Distribution of functional similarities between the coexpressed genes in different cancer. The functional similarities between coexpressed genes (rs > 0.3, p < 0.05) with KHDRBS1 is calculated based on GO semantic similarity. The random set of genes (Random) is used as negative control. The functional similarity is high in case of KIRP and LUAD compared to the OV, LAML and random set (n = 500) of genes (box boundaries represent the first and third quartile (Q.25, Q.75). The median is indicated by the horizontal line dividing the interquartile range. Upper and lower ticks represent the maximum and minimum value). Mann-Whitney test was performed separately in between KIRP vs. OV, LAML, Random and LUAD vs. OV, LAML, Random (***P < 0.001).

Figure 3.

Figure 3

Overlap of protein-protein interactions (PPI) dataset and coexpressed gene of Sam68/KHDRBS1 and processes and pathway enrichment analysis in different cancer: (AD) Venn diagram and network figure shows the overlapping genes which coexpress and interact with Sam68/KHDRBS1in KIRP, LUAD, OV and LAML respectively. The bar diagram indicates the process and pathway enrichment analysis of overlapping gene in respective cancer. Logarithmic corrected p-values for significant overrepresentation are shown.

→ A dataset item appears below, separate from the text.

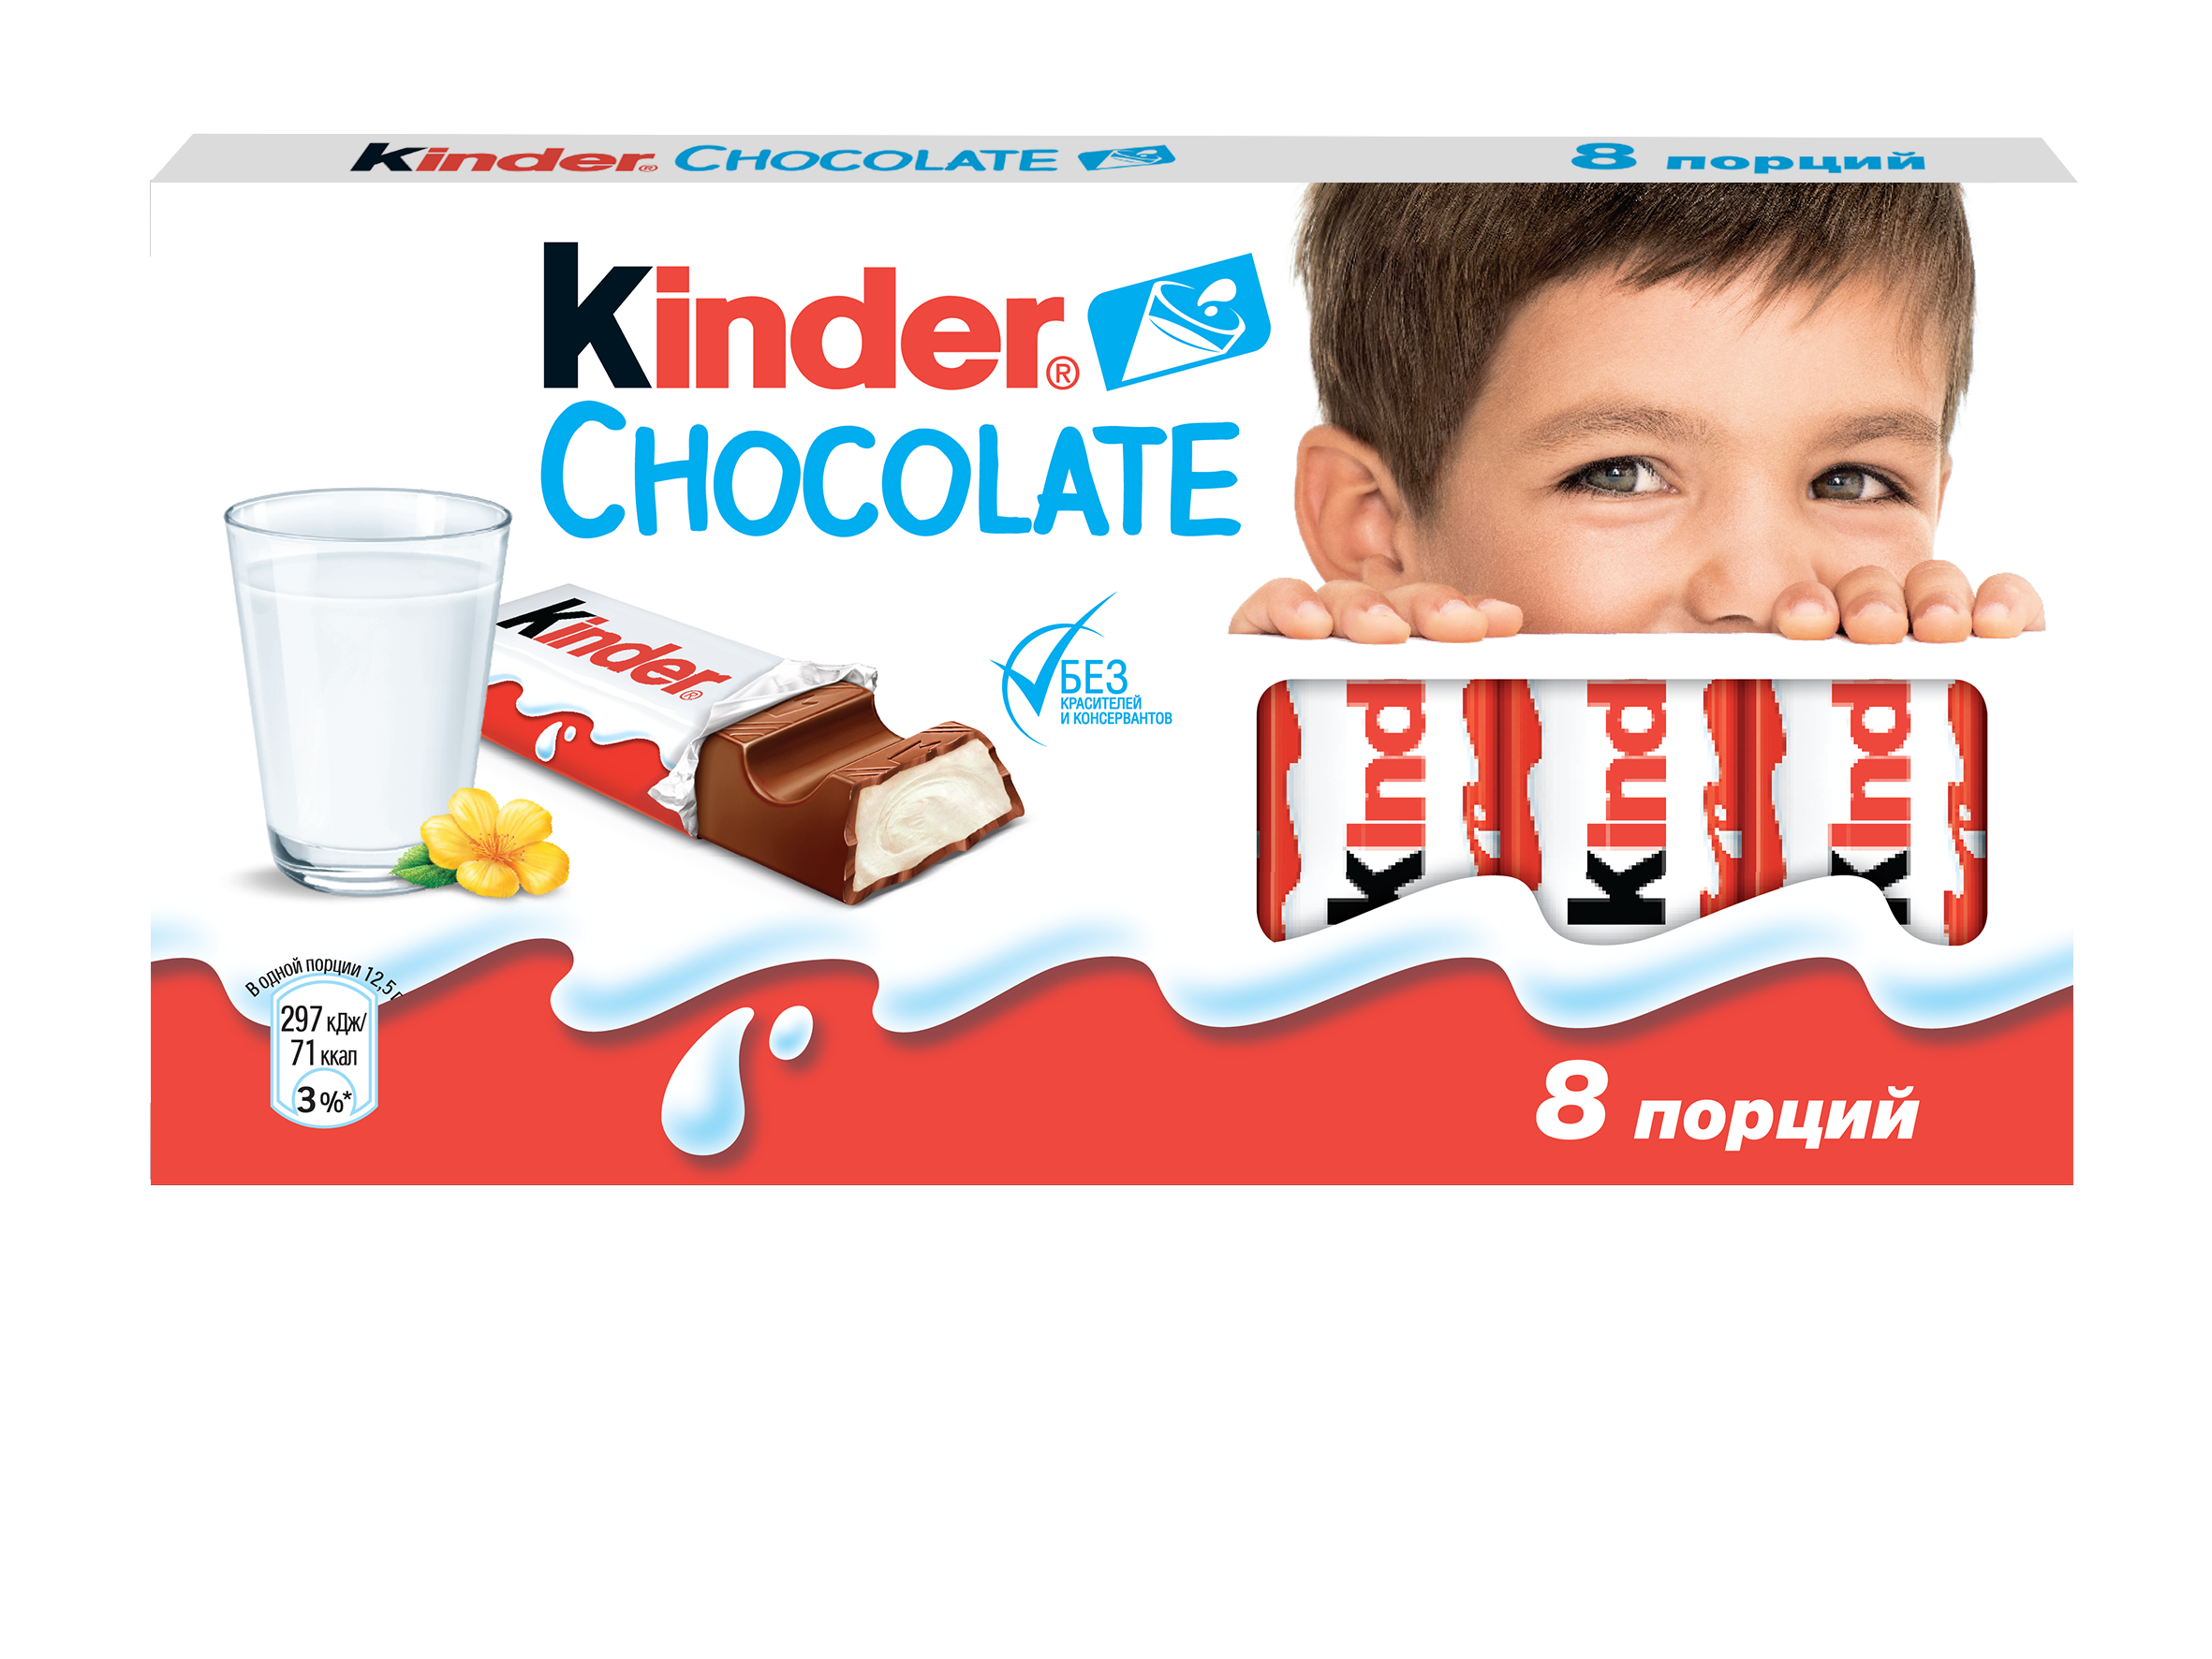 Начинка киндер шоколада. Киндер шоколад. Kinder шоколад. Киндер шоколад упаковка. Детский шоколад Киндер.

A common observation in gene expression is that many genes which show similar expression patterns frequently clustered according to their biological functions33,34. Therefore analysis of functional clustering of all genes which are co-expressed with KHDRBS1 can provide a clear view of predominant functions associated with the group of genes expressed in a specific cellular context. Next, we have done protein-protein interaction enrichment analysis for all coexpressed genes (rs > 0.3, P < 0.05) in each cancer using Metascape tools, which fetch the interaction data from BioGrid23, InWeb_IM35, and OmniPath36. The resulting network was again used to identify densely connected network components using molecular complex detection (MCODE) algorithm37. Pathway and process enrichment analysis find the function of each densely connected component (Supplementary Fig. S3). The result shows that coexpressed genes in KIRP and LUAD are mostly involved in cell cycle, and cell division related processes such as chromatin assembly and organization, cell cycle checkpoint control. As many of these densely connected genes are co-expressed with KHDRBS1, it can be presumed that probably KHDRBS1 is also involved in a similar function in KIRP and LUAD. However, in OV and LAML, the network components are less densely connected and several gene clusters which are present in KIRP and LUAD and involved in cell proliferation are absent in OV and LAML (Supplementary Fig. S3). It is now comprehensible that KHDRBS1 driven molecular processes are similar in case of KIRP and LUAD but different in OV and LAML for a specific group of patients. We then examined whether the genes which are coexpressed with KHDRBS1 are involved in similar biological functions or not. Gene Ontology (GO) semantic similarity was used to quantify the functional association of coexpressed genes. We found that coexpressed genes in KIRP and LUAD tend to have significantly high (P < 0.001) functional relationships compared to OV, LAML and random set (Fig. 4). It explains coexpressed genes in KIRP and LUAD are involved in the functionally similar biological processes and pathways, which support our previous observation of functional clustering of coexpressed genes (Supplementary Fig. S3) as most of the enriched processes in KIRP and LUAD are linked to cell proliferation.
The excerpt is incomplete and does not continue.